Superhydrophobic membranes for clean water production

Water scarcity is an increasingly urgent global issue, with projections indicating a worsening situation in the years to come. Simultaneously, there is a growing imperative for industries to adopt more sustainable practices, including reducing water consumption and pollution. Effective water resource management strategies and advanced tools are therefore paramount. Membrane technologies offer a promising solution for reclaiming water from industrial waste streams, particularly in heavily polluting sectors such as steel, textile, and food production. Among these technologies, Membrane Distillation (MD) stands out as an emerging solution that holds potential for widespread adoption and commercial success, provided key challenges such as membrane wetting, scaling, and fouling are addressed.
During the FET "HARMONIC" project, two research institutions, the Max Planck Institute of Polymer Research (MPIP) and the National Centre for Scientific Research Demokritos (NCSRD), have developed complementary technologies for fabricating superhydrophobic membranes primarily for desalination purposes. Both institutions utilize plasma functionalization to modify membrane surfaces, creating nanostructured polymeric membranes.
The SuperClean project aims to extend the application of superhydrophobic membranes beyond desalination to industrial wastewater treatment, focusing on their technological upscaling and facilitating their transition from the laboratory to the market. Both MPIP and NCSRD are advancing the readiness level of their technologies, aiming for validation and demonstration in relevant environments (Technology Readiness Levels 5-6). Small-scale pilot equipment for producing rolls of superhydrophobic membranes in a roll-to-roll format is currently being designed, constructed, and tested. To facilitate the upscaling process, MPIP and NCSRD are collaborating with two industrial partners: Europlasma and SolSep, renowned companies with extensive experience in roll-to-roll plasma and wet processes, respectively.
Additionally, partnering with SolarSpring, a Fraunhofer spin-off specializing in commercial MD modules for wastewater treatment, contributes not only to technical testing but also supports commercialization efforts, serving as the project's first customer and technology adopter.

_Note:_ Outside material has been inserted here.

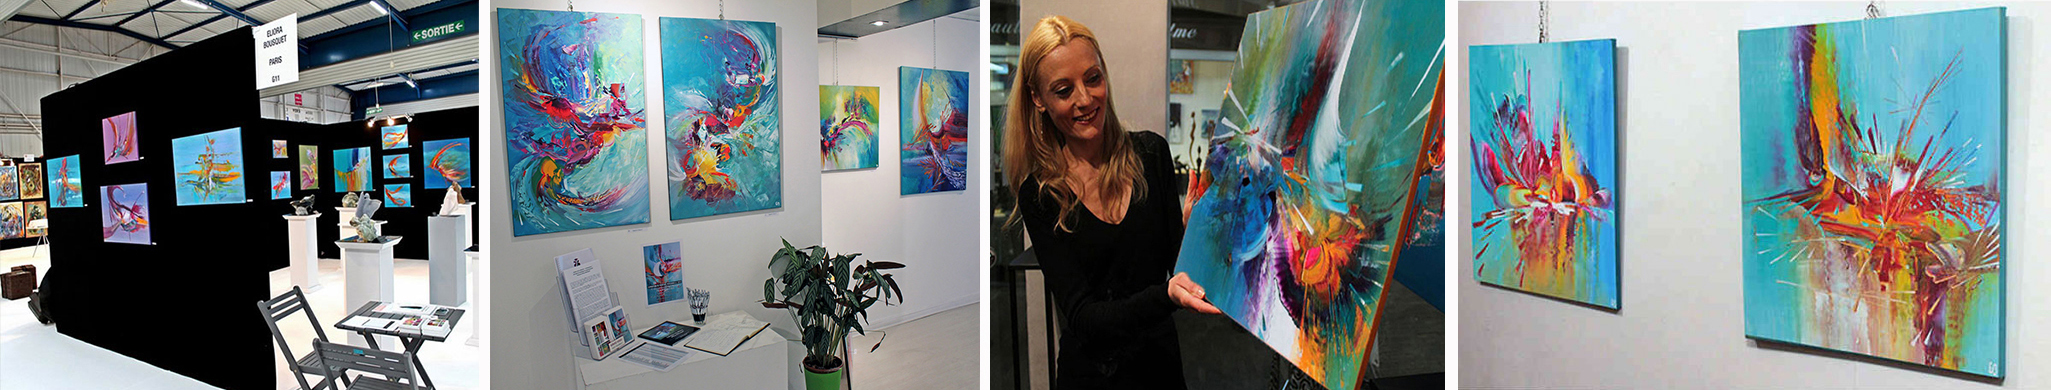 Painter Eliora Bousquet exhibiting her artworks in Paris
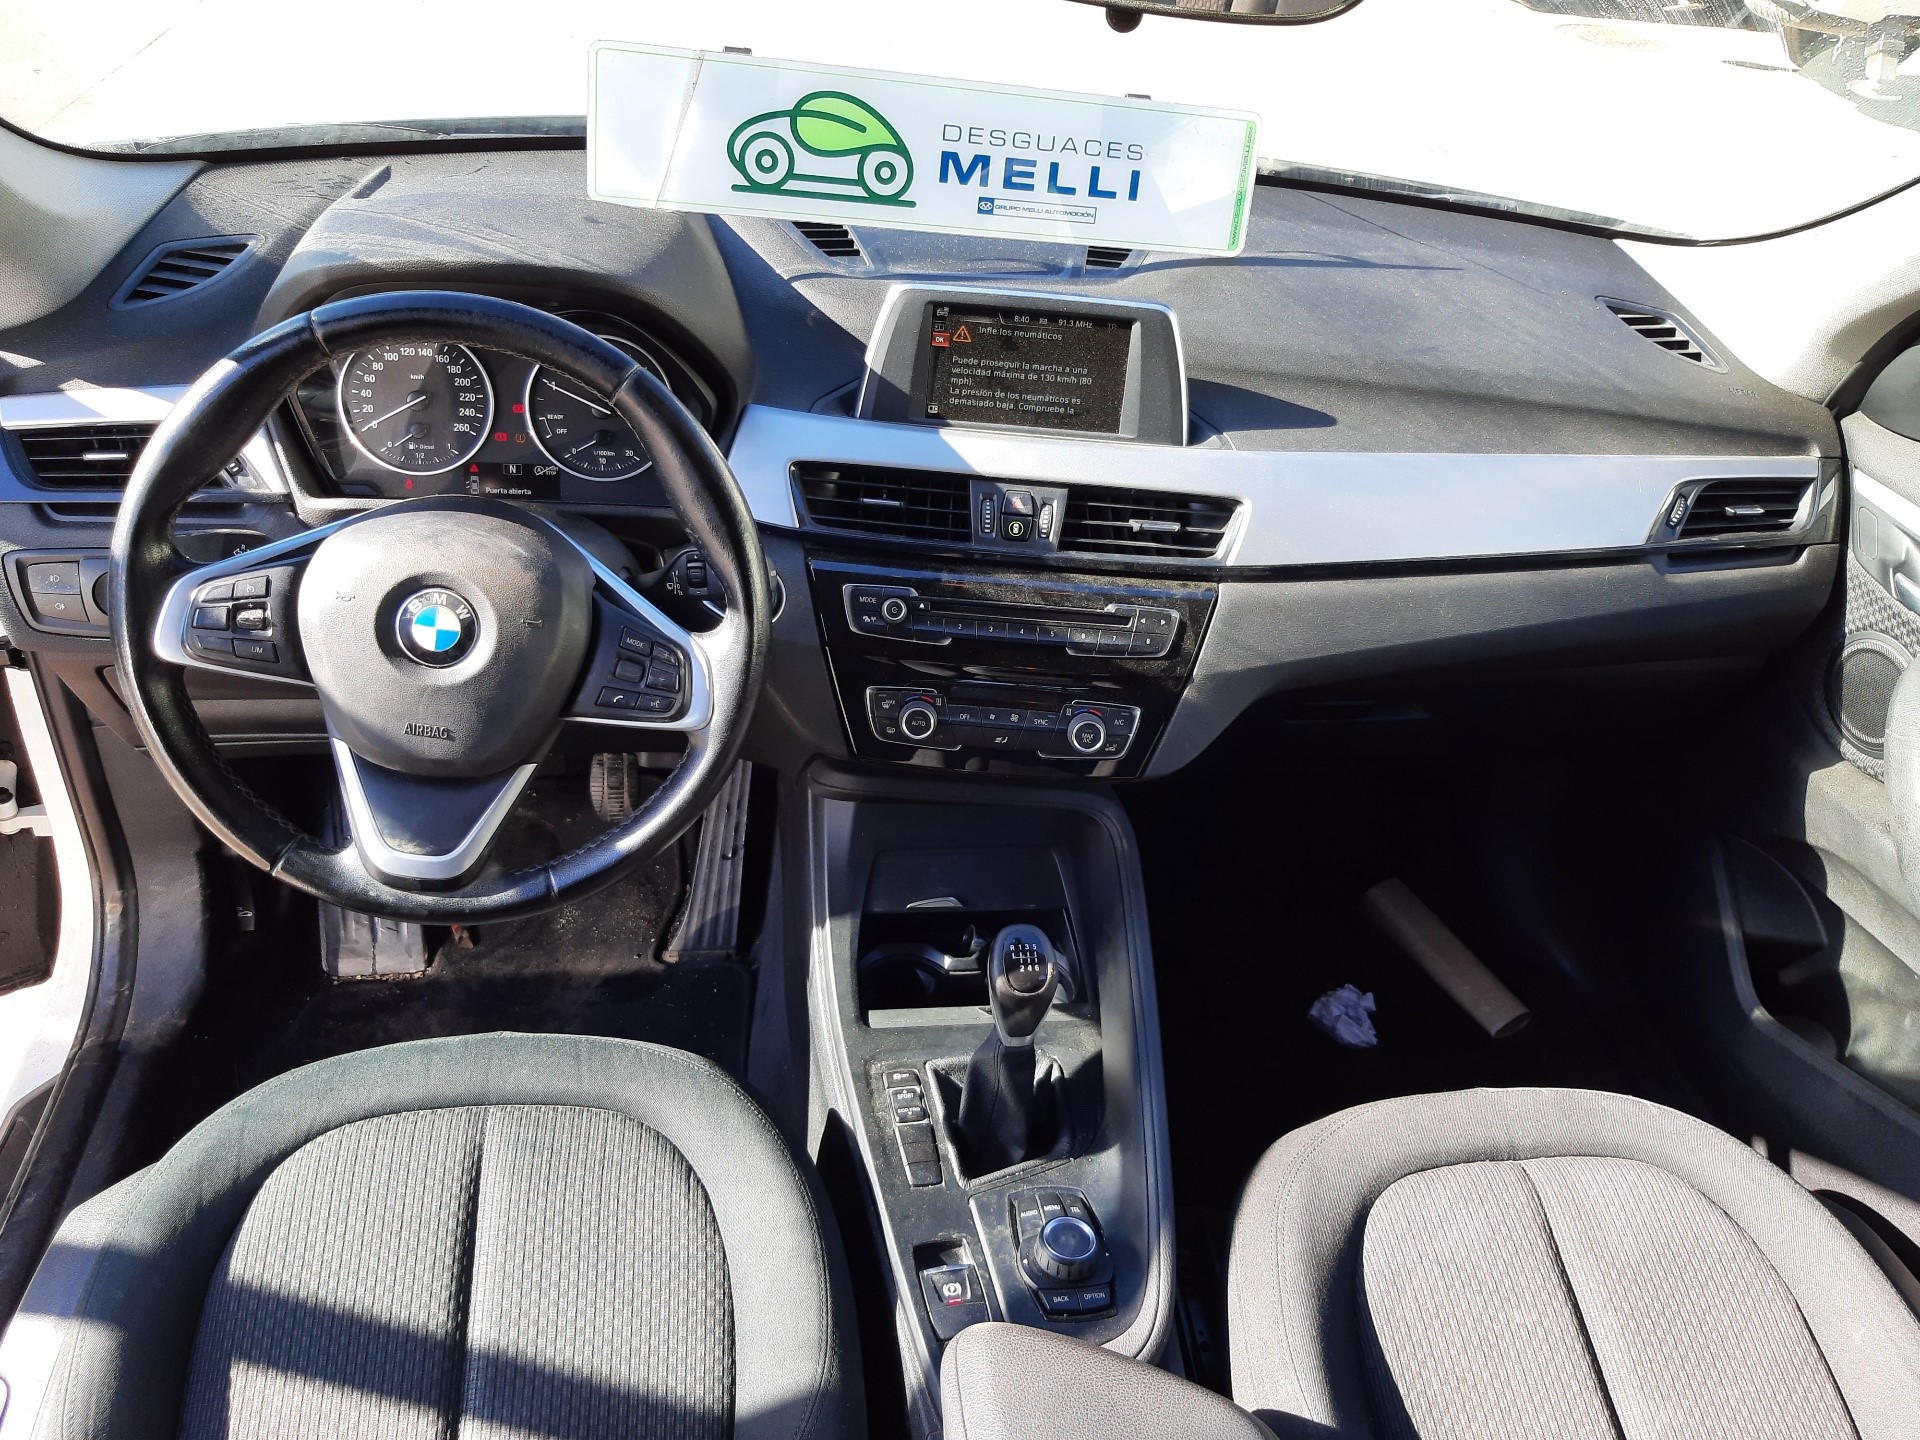 BMW X1 F48/F49 (2015-2023) Front Bumper 51117453562 25086853

The SuperClean project is organized into five cohesive work packages (WP), each serving a specific purpose. WP1 is centered on management (technical, intellectual property, and financial) and dissemination, with a primary focus on project coordination and communicating results to both the scientific community and the public. WP2 entails plasma activation and nanotexturing, including the design and construction of two pilot prototype plasma devices for water membrane processing, along with plasma deposition for achieving superhydrophobicity via an all-dry approach. WP3 involves wet coating of plasma-activated membranes with nanofilaments, integrating wet chemistry with plasma activation as an alternative to plasma deposition. WP4 focuses on applying superhydrophobic membranes in membrane distillation (MD) for industrial wastewater treatment, with the installation and testing of an industrial-scale prototype. Lastly, WP5 centers on commercializing the project's outcomes through entrepreneurship.
During the reporting period, SuperClean made significant strides, successfully executing planned activities and attaining key milestones. Notably, the project achieved a breakthrough in technological advancement by developing 25cm wide membrane sheets capable of efficiently processing highly acidic industrial effluents typically encountered in the steel industry using air gap membrane distillation technology. Simultaneously, efforts towards commercialization progressed, including the formulation of a draft business model and the completion of a market analysis. Furthermore, groundwork was laid for the preparation of a comprehensive business plan, crucial for establishing a spin-off company dedicated to commercializing the superhydrophobic membranes and associated processes.

Superhydrophobic membranes developed by MPIP or NCSRD exhibit a remarkable increase in clean water production, ranging from 15% to 90% compared to currently utilized commercial membranes. However, their most significant attributes lie in their excellent resistance to wetting, scaling, and biofouling, which ensure operational stability and offer a promising solution to the prevailing drawbacks of conventional distillation membranes, thus contributing to alleviating water scarcity issues.
Existing technologies for achieving membrane superhydrophobicity typically involve the deposition of specialized materials onto specific membranes or the synthesis of custom membranes. Unfortunately, both approaches suffer from the limitation of being non-generic and are not readily applicable to widely used and thoroughly tested commercial membranes.
In contrast, the SuperClean project stands out as it offers generic technologies capable of transforming any commercial membrane, whether hydrophilic or hydrophobic, into a superhydrophobic, superhydrophilic (also achievable with SuperClean technology, though not elaborated in this proposal), or even biphilic membrane. Notably, in terms of membrane distillation (MD), SuperClean's membranes surpass known commercial membranes in both high liquid entry pressure and high flux, indicating their substantial potential for adoption by the membrane and separation industries. Implementation of SuperClean technology would seamlessly integrate into existing industrial production chains, representing a significant advancement in membrane technology.